The State Department for Energy expects a boost from three geothermal plants in Menengai with a combined generation capacity of 70 megawatts (MW), the country’s oldest geothermal plant, whose output has been increased now generate 63MW, and imports from Ethiopia, which are expected to double to 400MW from December this year.

Spinning reserve, also known as contingency reserve, refers to backup power that is available and ready to be dispatched quickly when there's a power outage.

Kenya’s spinning reserves remained below five percent for the past few years, compared to the global benchmark of between seven and 15 percent of the total power in the national grid.

The current peak demand of 2,439.06MW is slightly lower than the country’s maximum generation capacity of 2,882MW, excluding the 200MW imports from Ethiopia.

Principal Secretary in the State Department for Energy Alex Wachira said that the spinning reserves have remained below five percent in the past few years, leaving the country on the brink of a crisis amid a consumption spike.

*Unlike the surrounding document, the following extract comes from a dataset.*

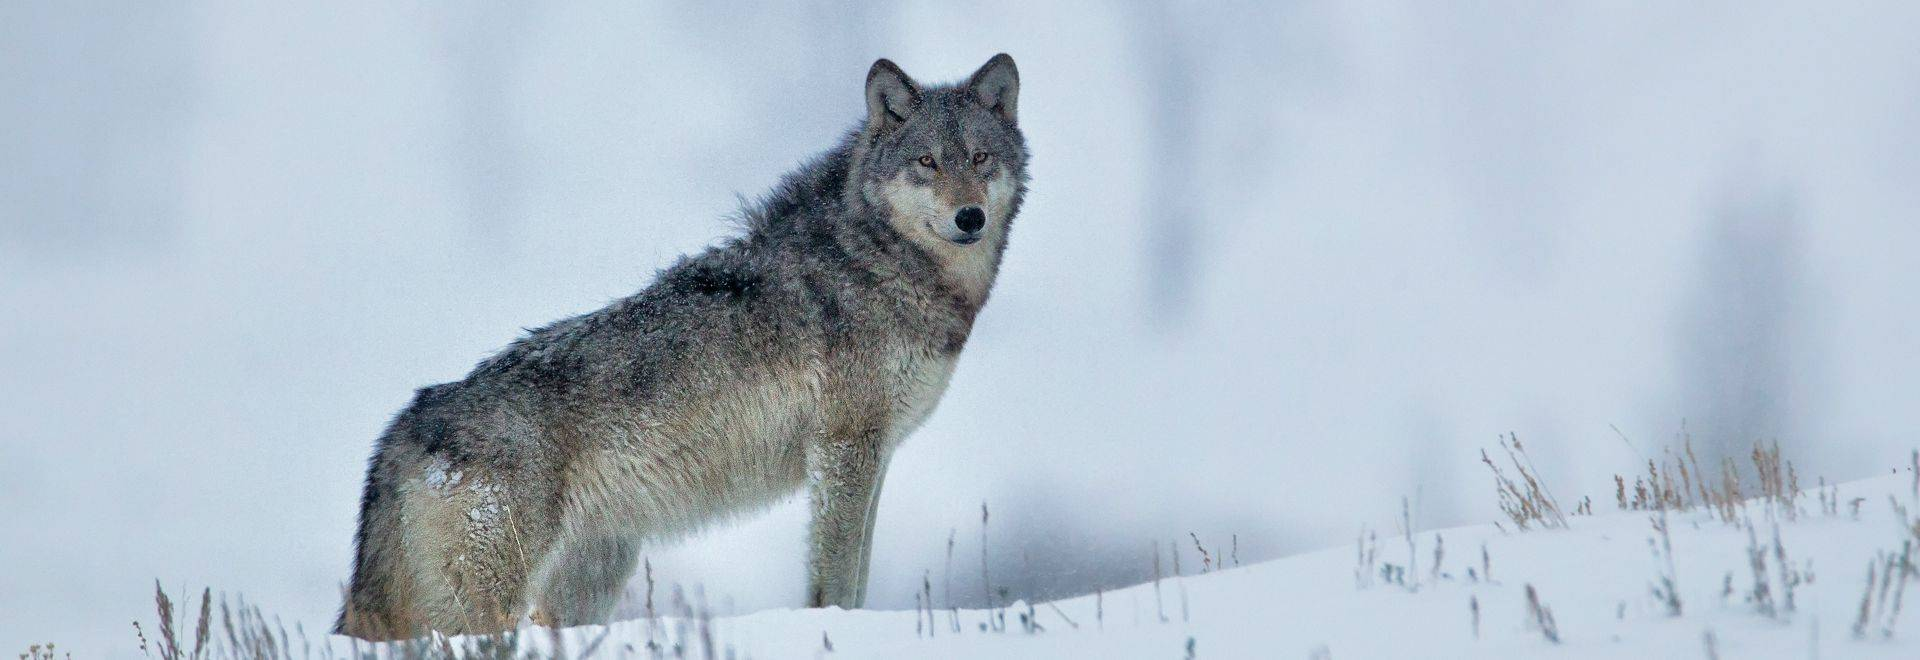 این گرگ زیبا در جنگلی در بلاروس منتظر شماست!

“Unfortunately, we have been having a decline in our spinning reserves. But the two plants in Menengai and the KenGen one will have an additional 133MW. Remember, we will also double imports from Ethiopia to 400MW. This will help us go back to the eight percent that we see as safe,” said Mr Wachira.

British clean energy firm Globeleq and Chinese-backed Kaishan Group are developing two geothermal power plants, each with a capacity of 35MW. Additionally, the rehabilitation of the Olkaria I plant to increase its capacity from 18MW to 63MW is nearing completion.

The dwindling reserve margins have left Kenya facing bigger prospects of widespread outages in case a major plant like the 310MW Lake Turkana Wind Plant breaks down.

Increased connections with the total customers standing slightly above 10.06 million and increased economic activities have upped the pressure on Kenya Power to ensure enough supplies.

Globeleq and OrPower 22 are part of the three independent power producers (IPPs) contracted to build plants at the Menengai geothermal fields.

OrPower 22, which is fully owned by Kaishan Group of China, has completed its plant and will start trialing supplies to Kenya Power in March.

Globeleq expects to complete its plant in June. Sosian Energy has been supplying electricity from its plant since mid-2023.

State-owned Kenya Electricity Generating Company (KenGen) is upgrading its Olkaria I plant (Units 1-3) to increase its capacity from 45MW to 63MW. The plant has been out of service since 2023, when it was shut down ahead of the rehabilitation works.

Besides the three plants, Kenya Power will, from December 2026, double imports from Ethiopia to 400MW in line with the 25-year power purchase agreement that was signed in 2022.

Kenya Power has, since 2022, been importing 200MW of hydropower, shipments which have been critical in averting widespread blackouts amid a significant jump in consumption.

The country recorded five peak demands in 2025 alone, with the highest being a 2,439.06MW, which was on recorded on December 4, 2025.